③専門職の業務範囲の拡大による幅広いサービスへの対応
医師の過重労働を緩和する観点からも、在宅医療等に係る業務の一部を看護師・介護人材等にシフトしていくべき。こうした観点から、看護師・介護人材等の業務範囲を拡大すべき。

(2)保険者等のガバナンス強化
①保険者機能の発揮等に向けたインセンティブ改革
後期高齢者支援金の加減算率を現状の0.23%から法律の上限(10%)まで引き上げていくとともに、保険者の多様な取組状況や効果を見える化すべき。
国保の保険者努力支援制度については、効果的なインセンティブ措置に充てるとともに、特別調整交付金1について、保険者の取組状況や効果を見える化し、インセンティブ措置を拡充・増額すべき。また、国保財政の都道府県化に合わせて、現行の都道府県調整交付金の利活用を促進すべき。
介護保険における保険者への財政インセンティブについて、調整交付金の活用も含めて早期に具体化すべき(大分・和光方式の横展開)。また、自立支援に向け、要介護度の改善等に応じて加算する介護報酬の仕組みを導入すべき。

1 国保特別調整交付金1,700億円のうち保険者へのインセンティブは150億円。
2 SCR: Standardized Claim Data Ratio。性・年齢を調整したレセプトの出現率。

②一人当たり医療・介護費の地域差縮減に向けた取組の明確化
一人当たり医療費については、外来医療費の適正化に向けた追加の取組の早期具体化、予防接種の推進や健康ポイントの活用等予防の推進、入院医療費の適正化に向けて地域医療構想の推進など必要な施策の具体化を行うべき。
診療行為の地域差(SCR2)を2017年度中に見える化し、各都道府県において、自治体、保険者、医療関係者等からなる協議の場を設け、住民の受療行動や医療機関の診療行為の変化を促す体制を構築すべき。国は、医療サービスの標準化と報酬体系の見直しを段階的に進めるべき。
一人当たり介護費については、在宅介護サービスをはじめとして、目標・工程・評価指標・各主体の役割を具体化すべき。

(3)生涯現役社会の構築と健康増進・予防の推進
高齢者の働き方改革を推進すること等を通じて、年齢に関わりなく、健康で、働くことを選べる生涯現役社会を構築すべき。

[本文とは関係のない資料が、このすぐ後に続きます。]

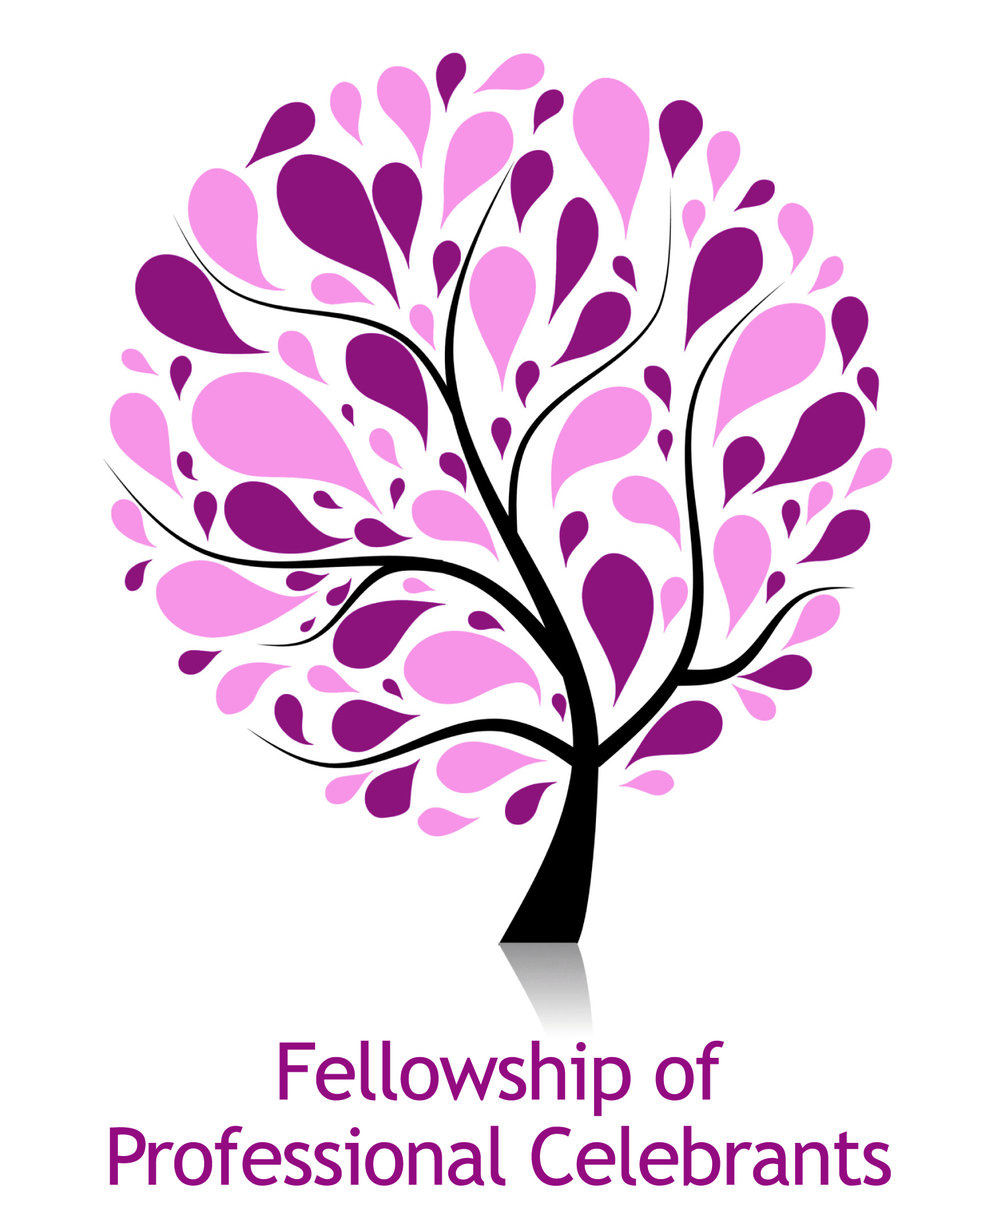 FellowshipofProffessionalCelebrants

また、高齢者が生活支援等のサービスの担い手として参加できるよう環境整備を促進すべき。
次世代型保健医療システムの構築を通じ、マイナンバーで過去の受診・検査・服薬情報を一元的に知ることができるようすべき。
人生最終段階の生活の質(QOL)の充実に向け、在宅医療の見える化や本人の意向確認、参考事例の横展開を、日本医師会との協力の下、関係府省が連携して推進すべき。
コンパクト・プラス・ネットワークと地域包括ケアの連携強化に向け、医療介護総合確保基金を重点配分し、健康なまちづくりを推進すべき。